Wednesday, 16 January 2013
High Steel
The answer to yesterday's riddle-me-ree: all were born with a caul. There now!
Wednesday is film day on Salvēte! and if you're ever at a loss for something new to watch a good place to start is the website of the National Film Board of Canada - www.nfb.ca.
There are thousands of wonderful free films here, and very few duds. It was our own John Grierson who helped to set up the NFBC and his high-minded Reithian values still hold good. You're spoilt for choice, in fact, so let me make a particular recommendation - the films of Don Owen. As a novice young director he worked with W. H. Auden on Runner (1962), a short lyrical documentary about the Canadian athlete Bruce Kidd. I know that 'cool' is a near-universal term of thoughtless approval and lacks purchasing power. But Runner, with its luminous black and white cinematography and jazz score is cool, really cool.

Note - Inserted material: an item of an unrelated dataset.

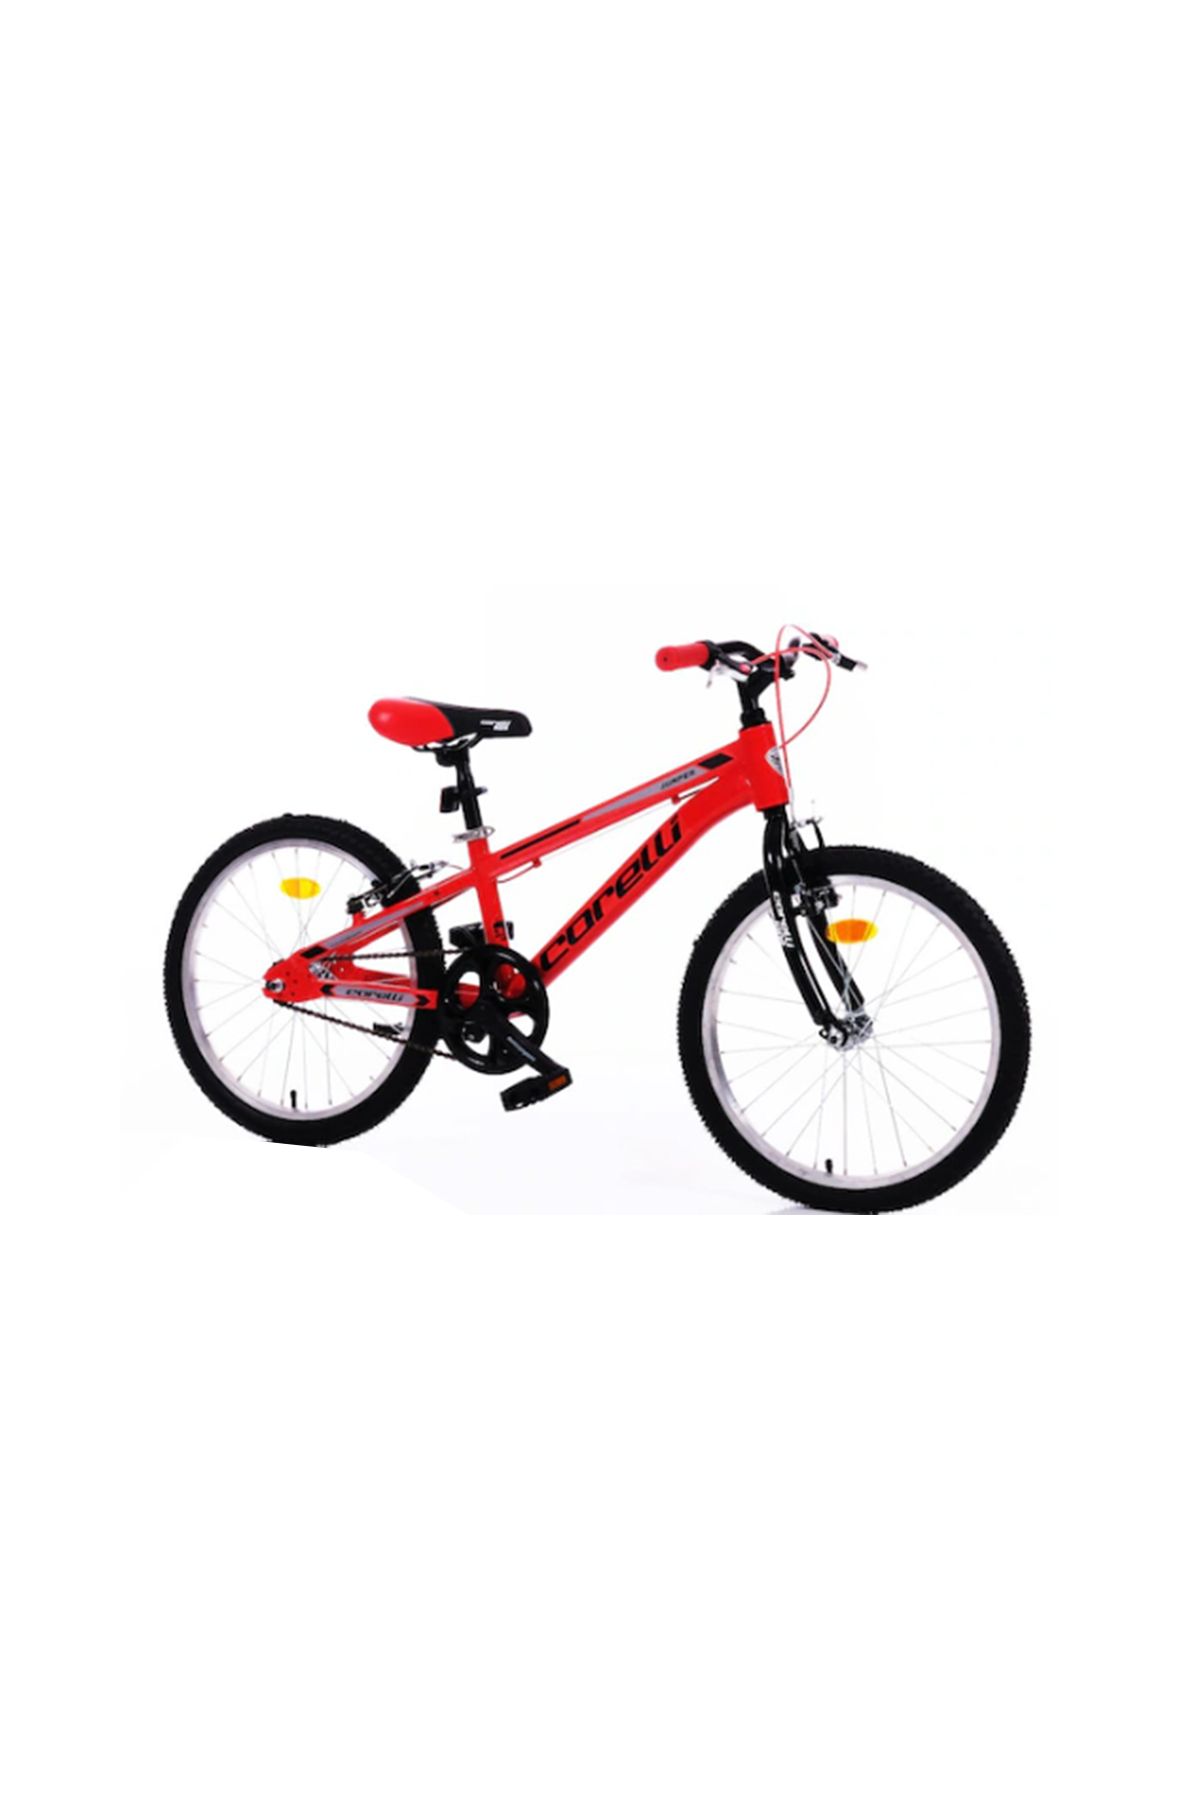 Corelli Jumper 20'' Jant Çocuk Bisikleti - Kırmızı - Siyah / Gri

A later film, High Steel is on the NFBC website, a brilliant and hair-raising study of the fearless iron workers labouring hundreds of feet up building skyscrapers in New York. What starts as a conventional account suddenly changes direction and . . . but see for yourself. It's just 13 minutes long.
http://www.nfb.ca/film/high_steel
Owen also made a very good film about Leonard Cohen before he was famous (Cohen, that is). It's also on the NFBC site.